**THE TASK:**
Give the data again in full, without pictures.

++++ DATA SHOWN ++++

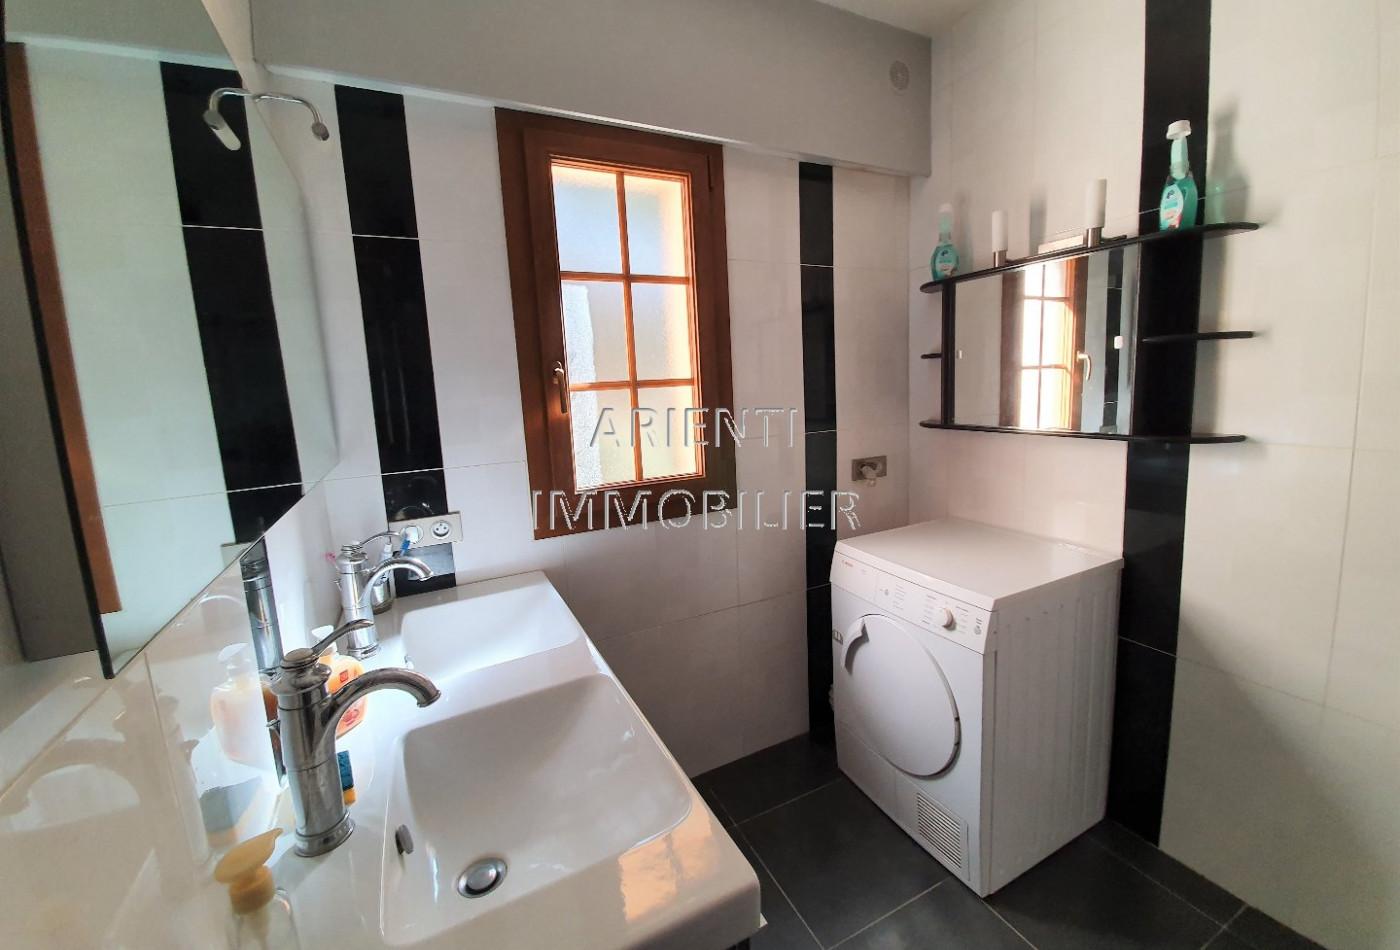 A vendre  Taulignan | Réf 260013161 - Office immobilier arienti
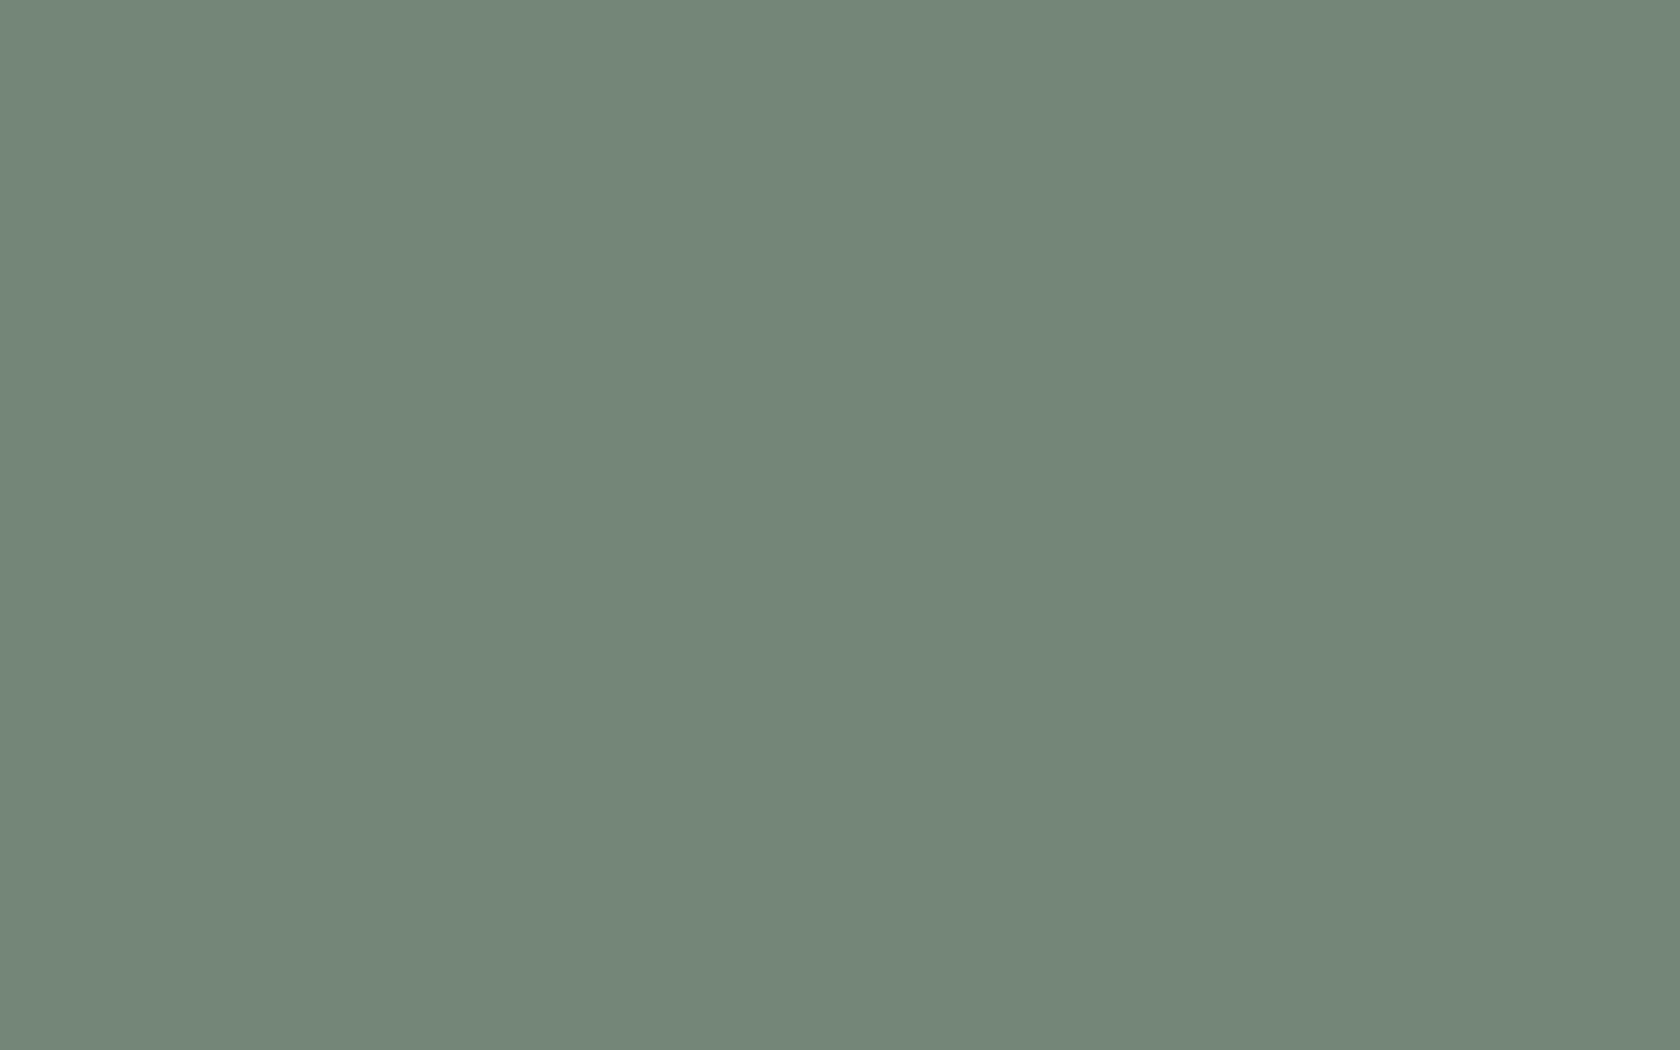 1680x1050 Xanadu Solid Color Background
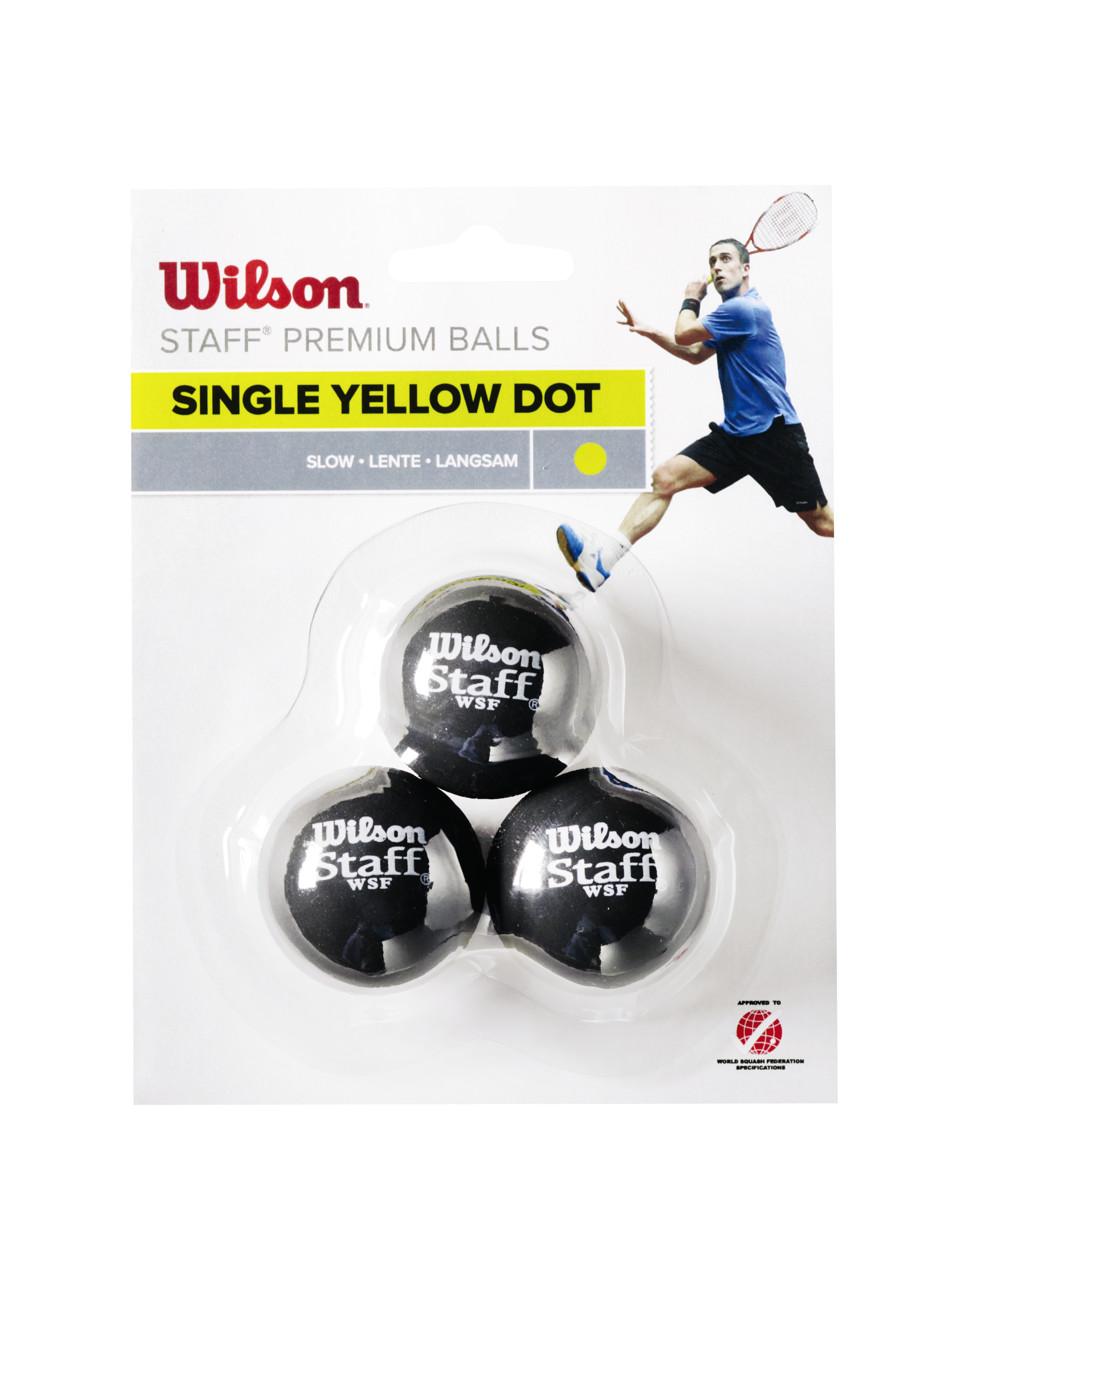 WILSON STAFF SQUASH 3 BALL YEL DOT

++++

**SOLUTION TO THE EXERCISE:**
 A vendre  Taulignan | Réf 260013161 - Office immobilier arienti
 1680x1050 Xanadu Solid Color Background
 WILSON STAFF SQUASH 3 BALL YEL DOT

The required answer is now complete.